Hasta el 2004, el Cártel de Juárez estuvo aliado con el Cártel de Sinaloa, cuando el líder de este grupo, Joaquín El Chapo Guzmán, presuntamente ordenó el asesinato de Rodolfo Carrillo Fuentes, hermano de El Viceroy. Tras esto, este devolvió el ataque ordenando la muerte de El Chapo Guzmán, quien estaba preso.
Amado Carrillo, ‘El Señor de los Cielos’, exlíder del Cártel de Juárez (Infobae)
La ruptura de la alianza entre ambos cárteles desató una violenta guerra de varios años enCiudad Juárez, en el estado norteño de Chihuahua, principal bastión de Carrillo Fuentes.

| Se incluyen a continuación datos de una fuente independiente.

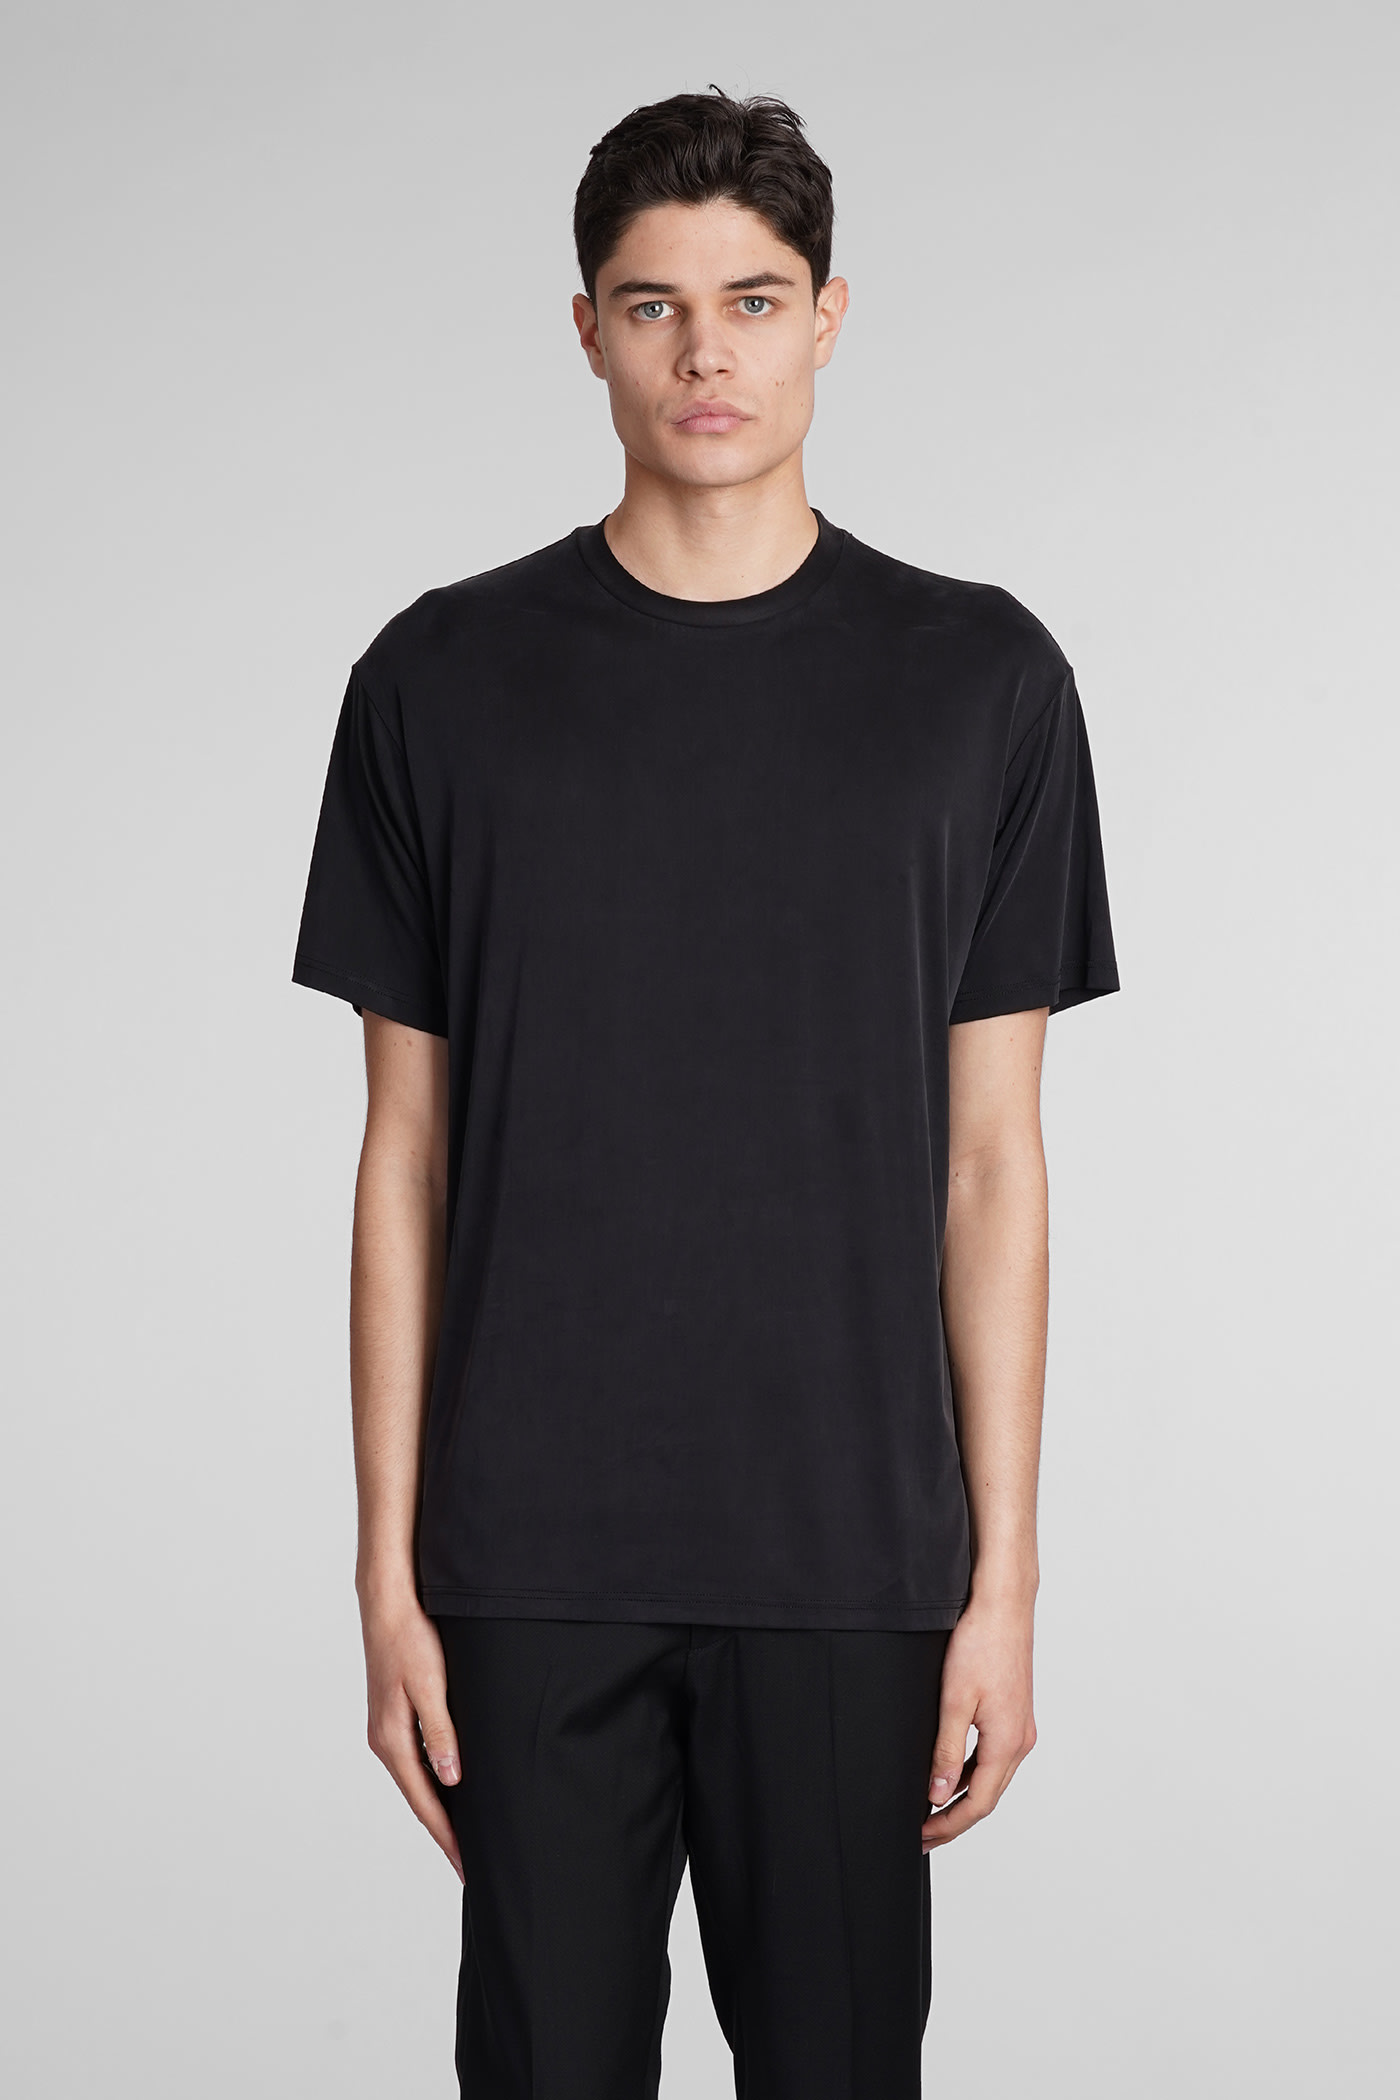 B224 T-shirt In Black Polyamide Polyester
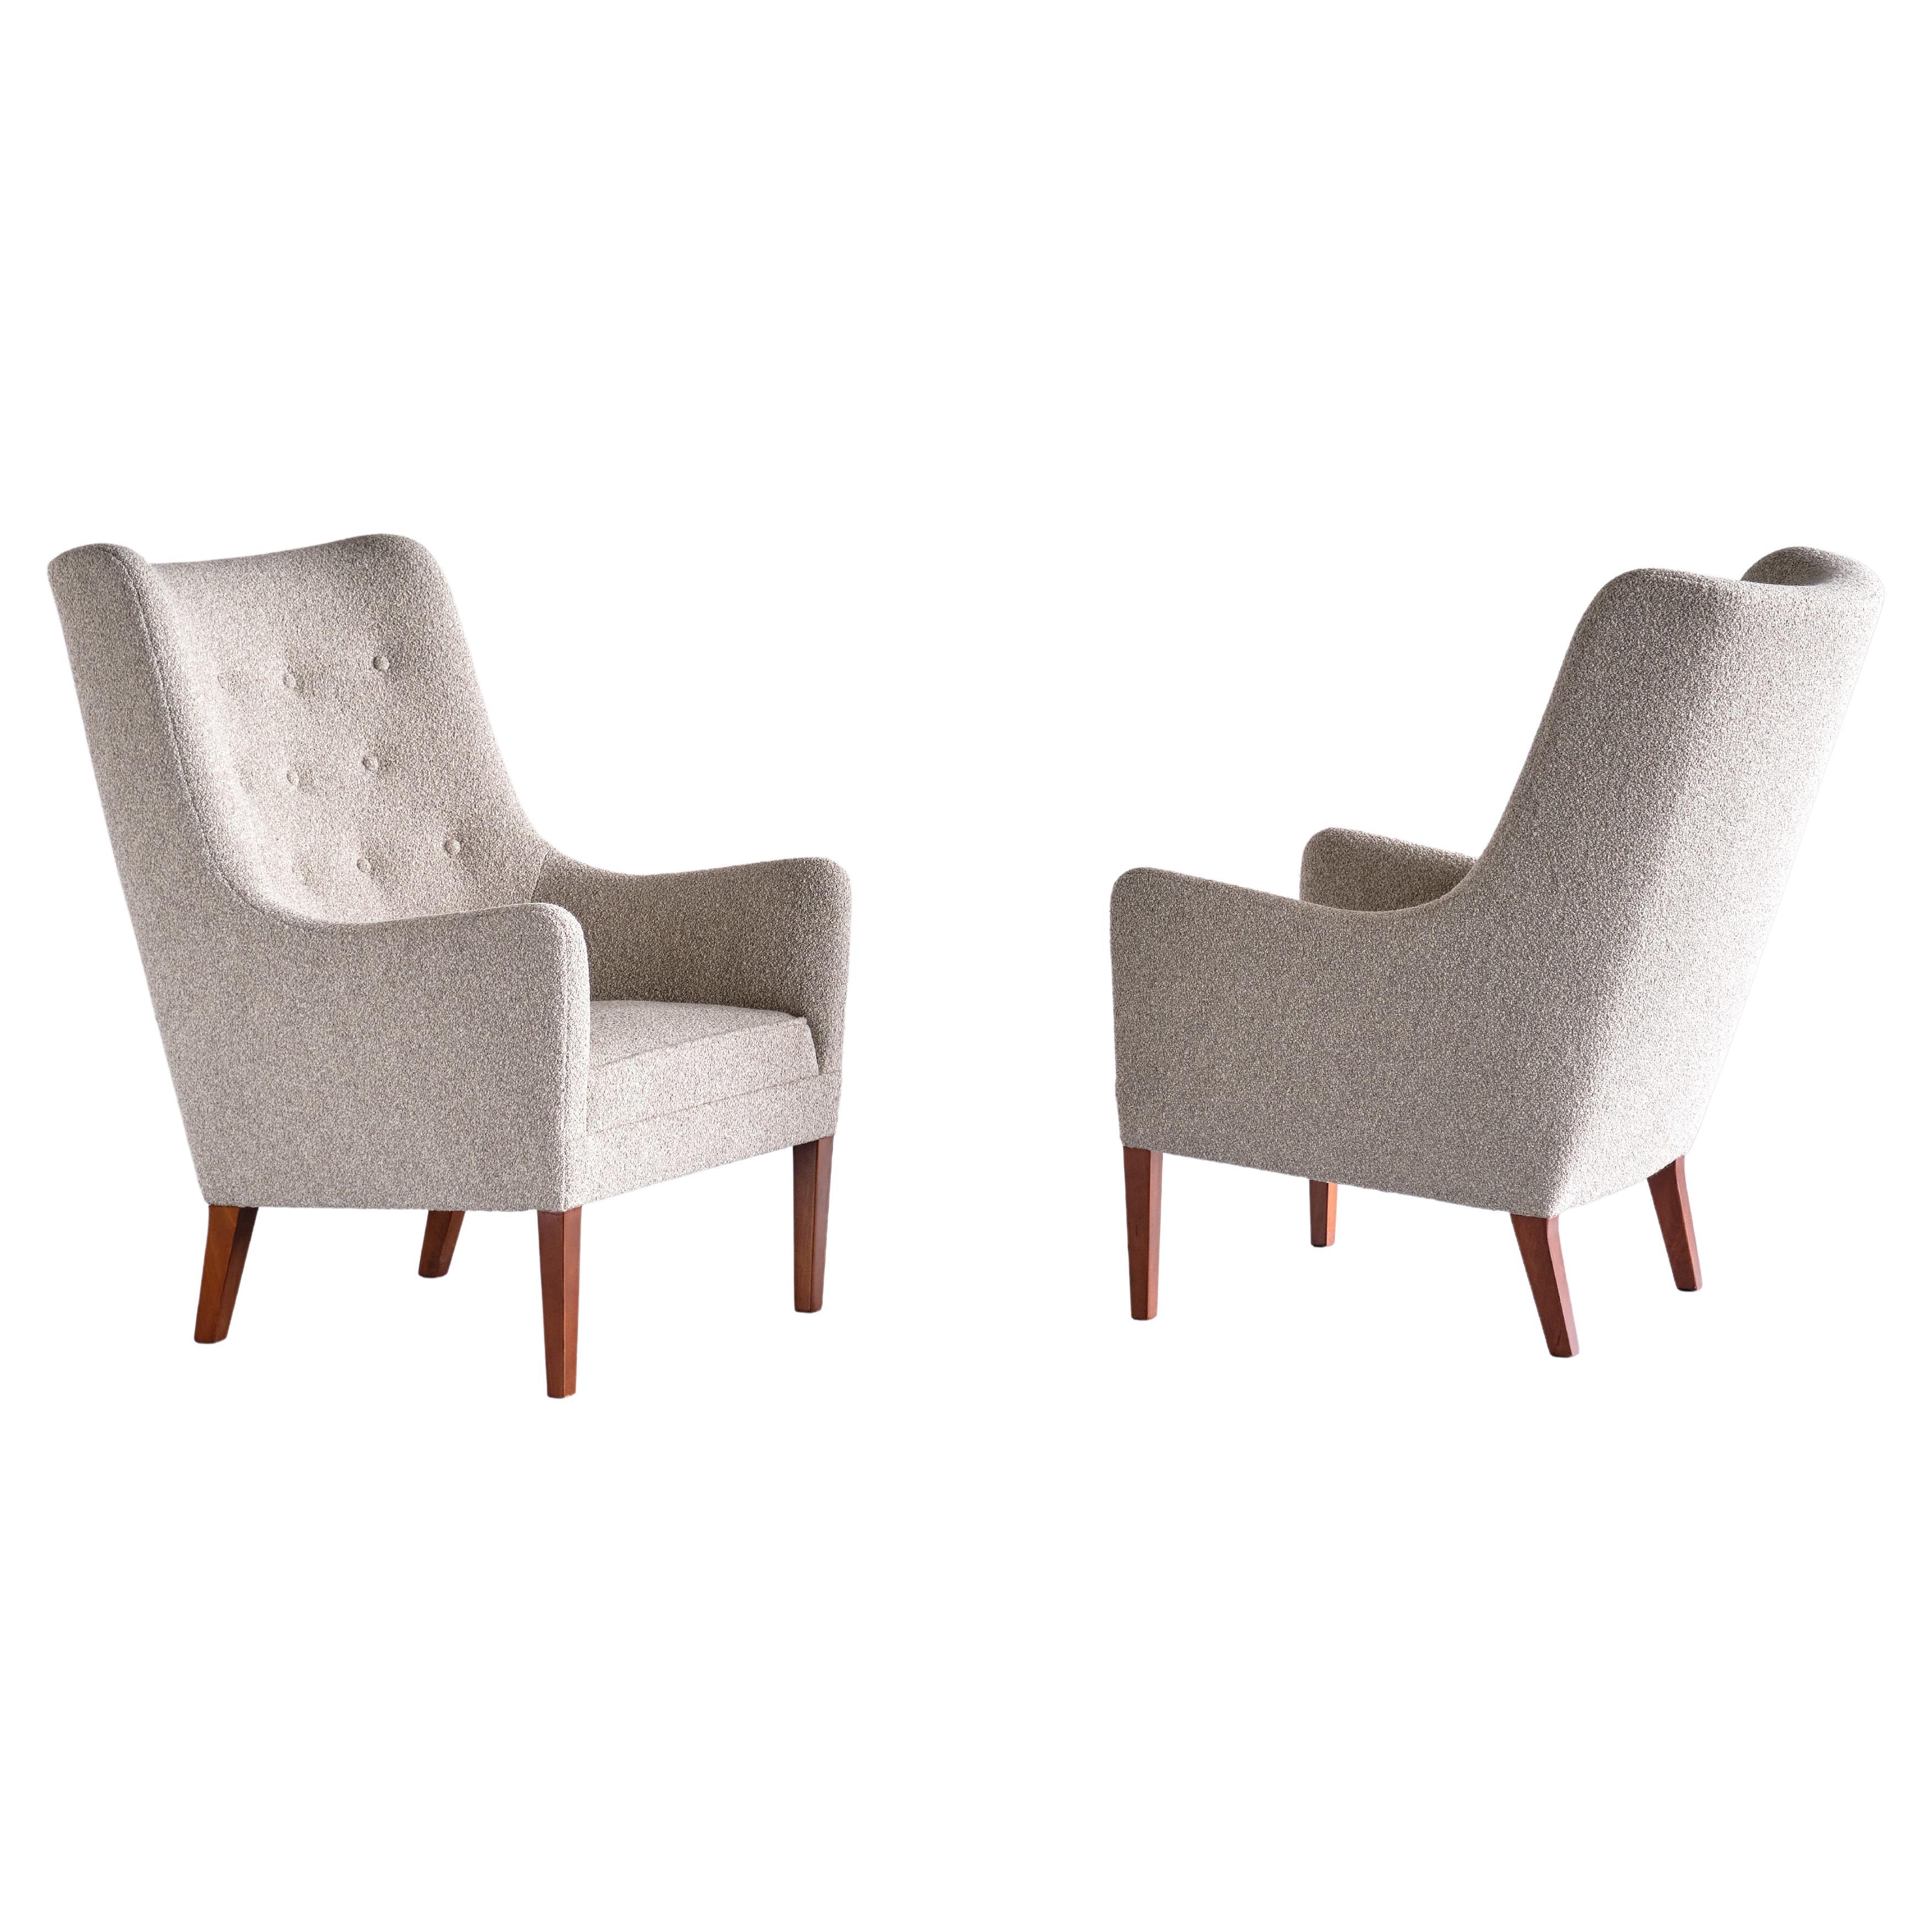 Cette paire de fauteuils très rare a été conçue et produite par Jacob Kjær au Danemark à la fin des années 1940. Le design somptueux est marqué par la combinaison distincte de lignes courbes et droites du siège. Le dossier haut et boutonné et la

Ambos grupos se enfrentaron por el control del mercado y de las rutas del narcotráfico. Desde el 2007, El Viceroy también enfrentó al Cártel de Golfo. Este conflicto hizo a Ciudad Juárez la ciudad más violenta del mundo por varios años, lo que dejó un saldo de, por lo menos, 8 mil muertos.
Para enfrentar al Cártel de Sinaloa y a su grupo de sicarios, conocido como Gente Nueva, El Viceroy se valió de un brazo armado conocido como La Línea y del Barrio Azteca, un grupo criminal con base en Estados Unidos.
Pero estos no fueron suficientes para derrotar al Cártel de El Chapo Guzmán, pues presuntamente contaba con apoyo de autoridades federales, y logró debilitar al Cártel de Juárez e incrementar su propio poder.
El Viceroy, debido a su aparente derrota, cambió su apariencia, su nombre y se trasladó a Torreón, en Coahuila, donde fue capturado el 9 de octubre de 2014. Fue condenado a 28 años de prisión por la Fiscalía General de la República (FGR) en junio de 2015.
En un juicio de amparo del año siguiente, se le concedió protección constitucional, sin embargo, siguió en prisión. En 2017 se le volvió a dictar prisión formal.
Estuvo en Puente Grande, en Jalisco, hasta el 27 de febrero de 2025, cuando fue trasladado a Estados Unidos junto a otros 28 narcotraficantes mexicanos de alto perfil.